→ TASK
Everything from the line holding "IF I WERE FREE (1933)" to the last line of the material below must be retyped exactly, minus any pictures.

→ DATA SHOWN
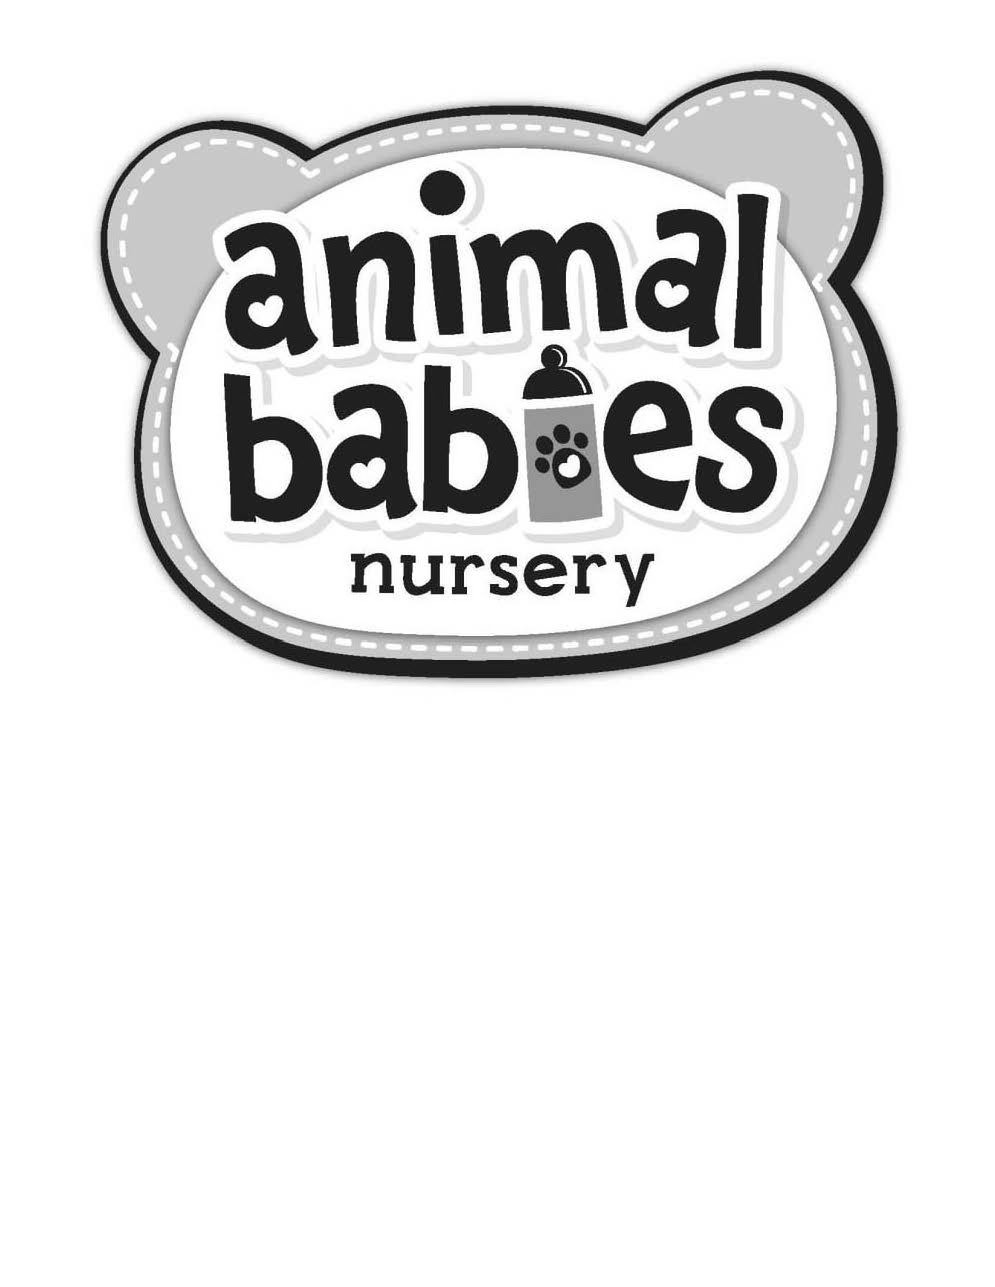  ANIMAL BABIES NURSERY
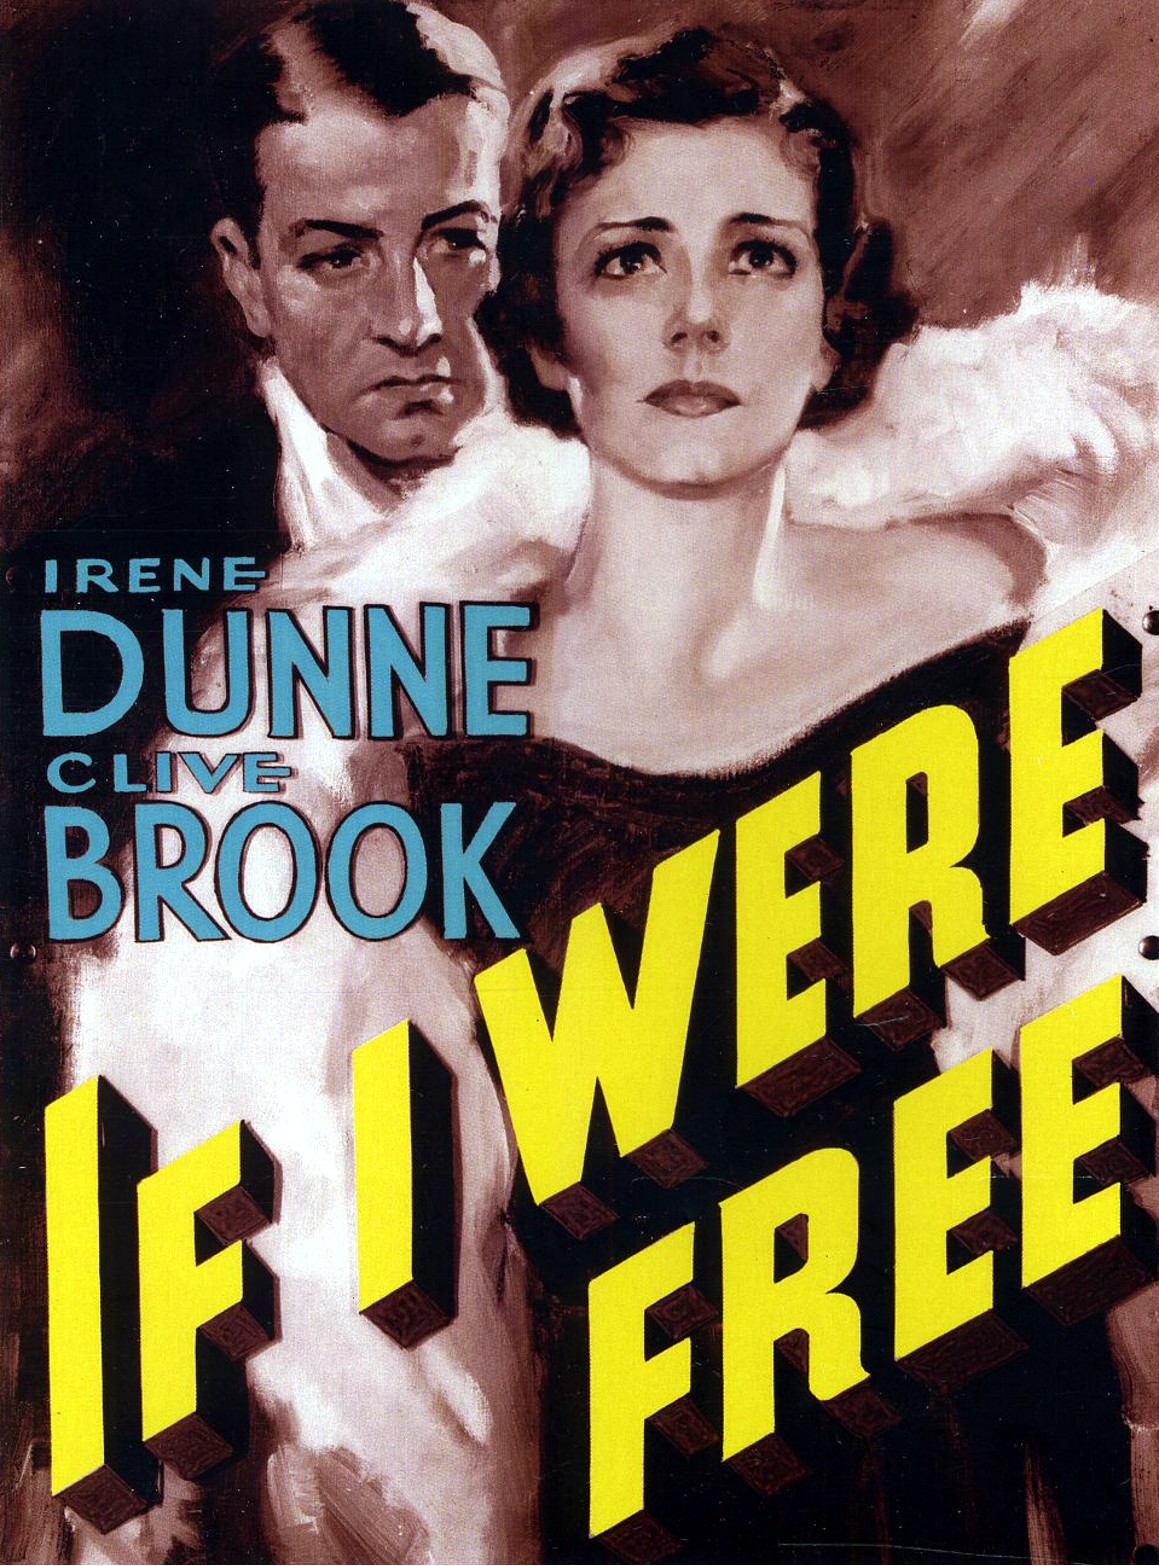 IF I WERE FREE (1933)
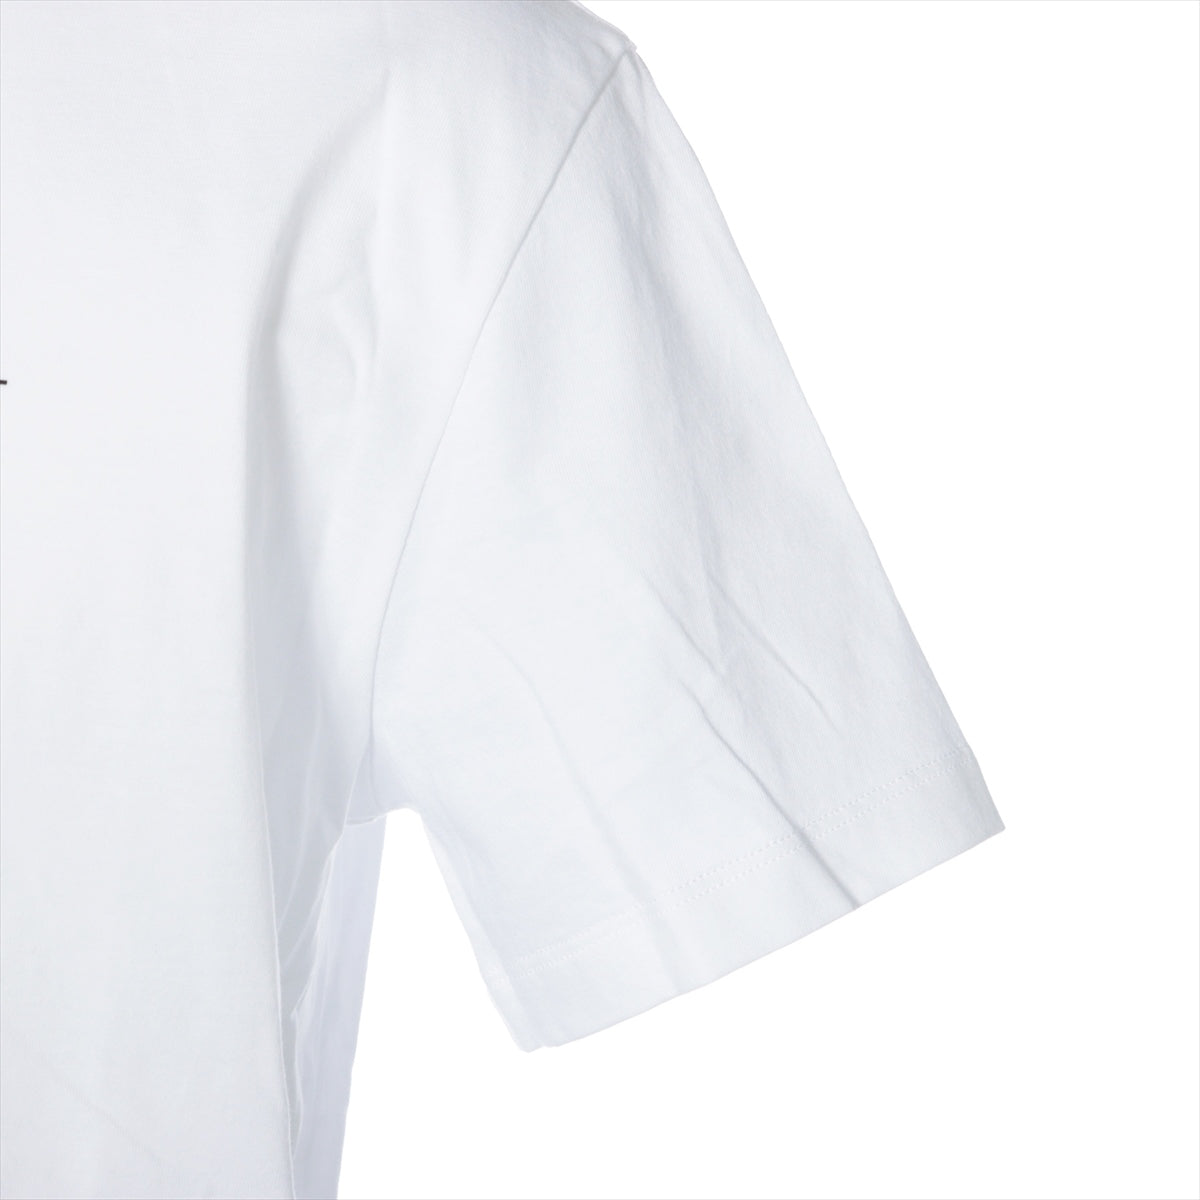 ヴァレンティノ コットン Tシャツ S メンズ ホワイト VLTNロゴ WB3MG07D3V6
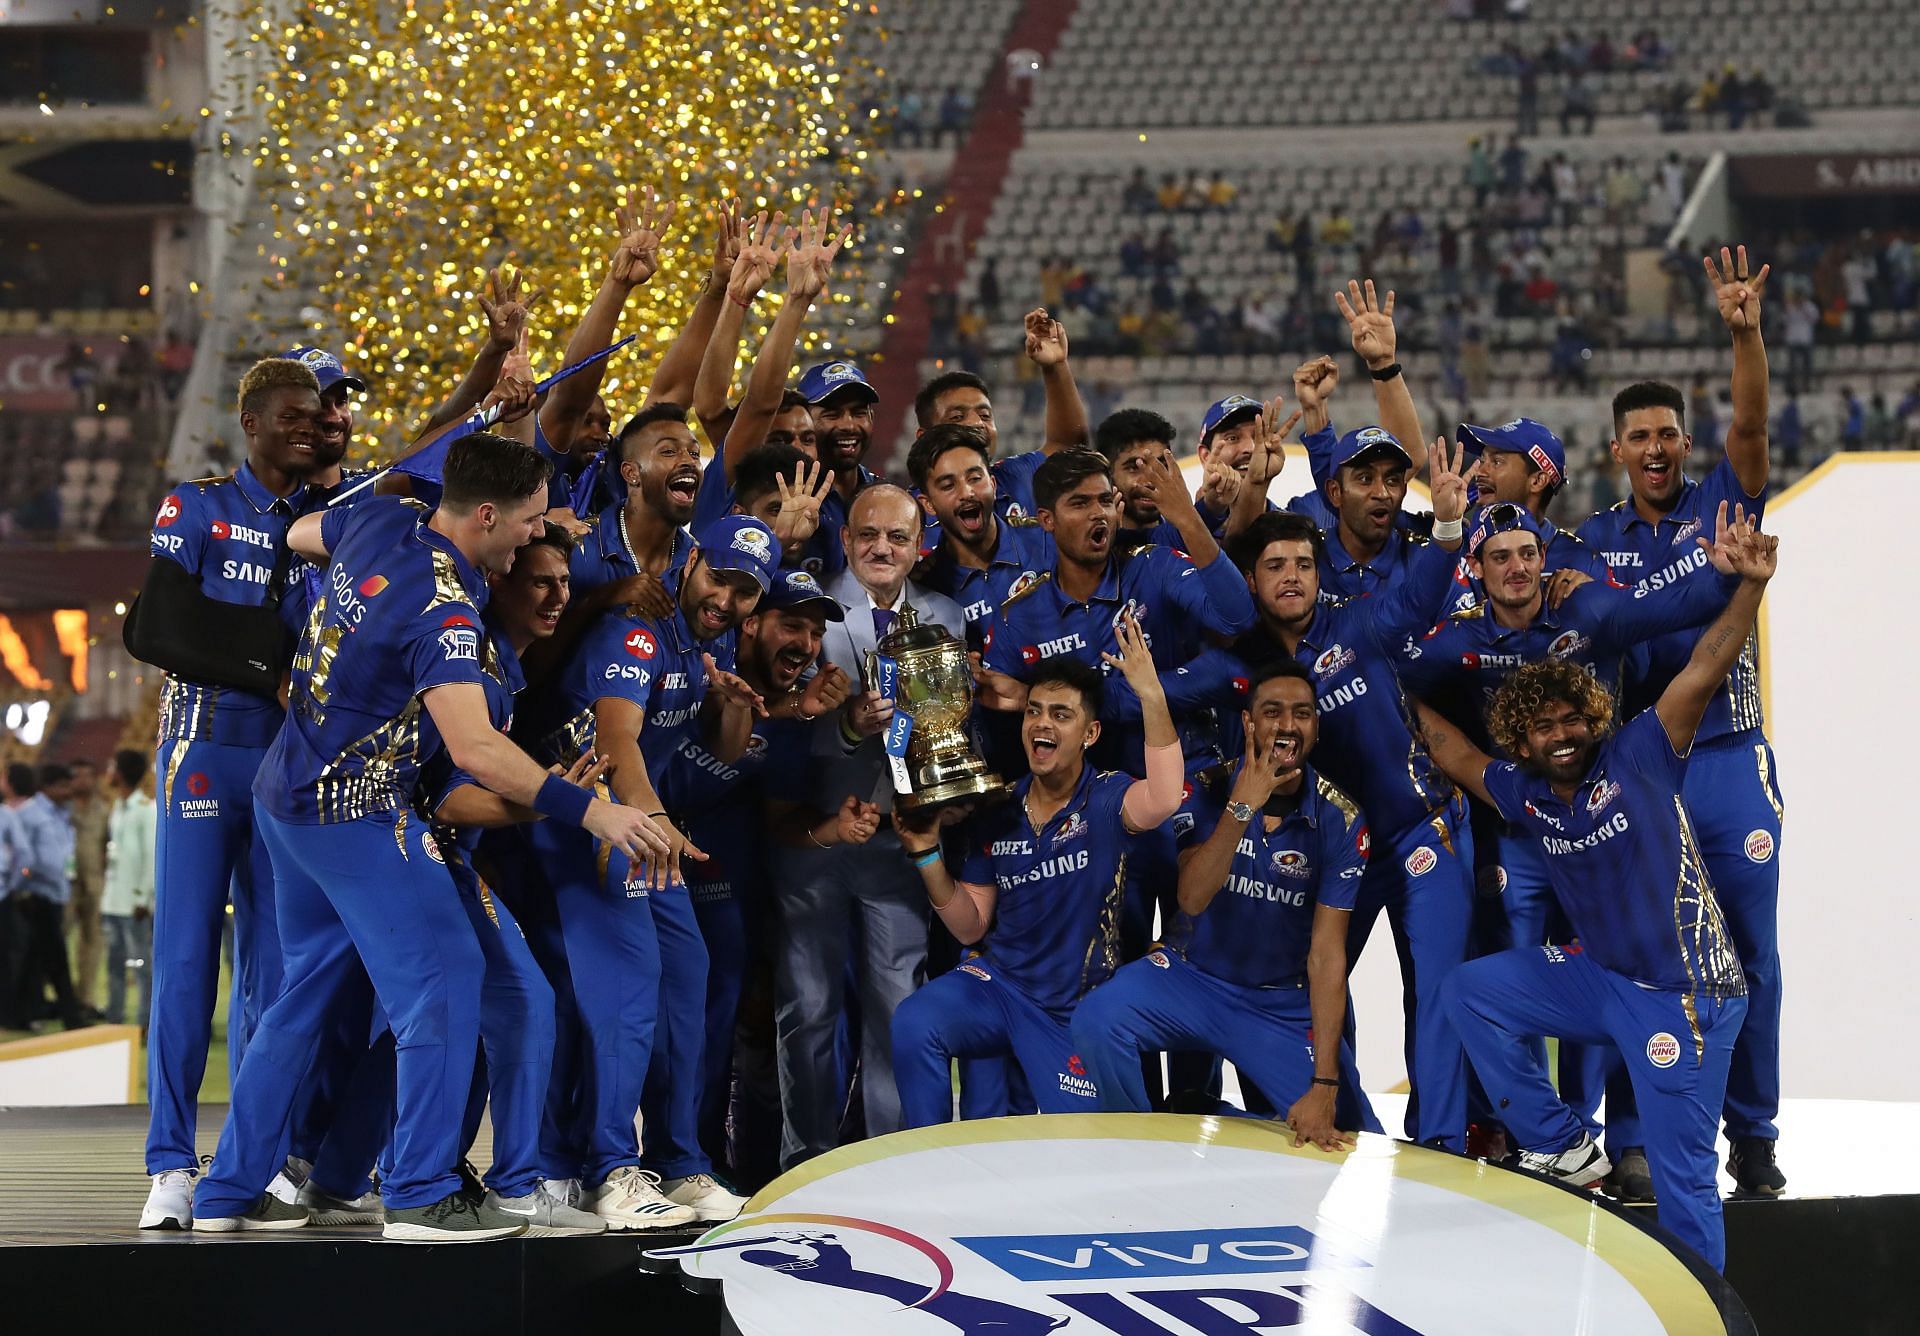 2019 IPL Final - Mumbai v Chennai (Image: Getty)

→ TASK OUTPUT
 IF I WERE FREE (1933)
 ヴァレンティノ コットン Tシャツ S メンズ ホワイト VLTNロゴ WB3MG07D3V6
 2019 IPL Final - Mumbai v Chennai (Image: Getty)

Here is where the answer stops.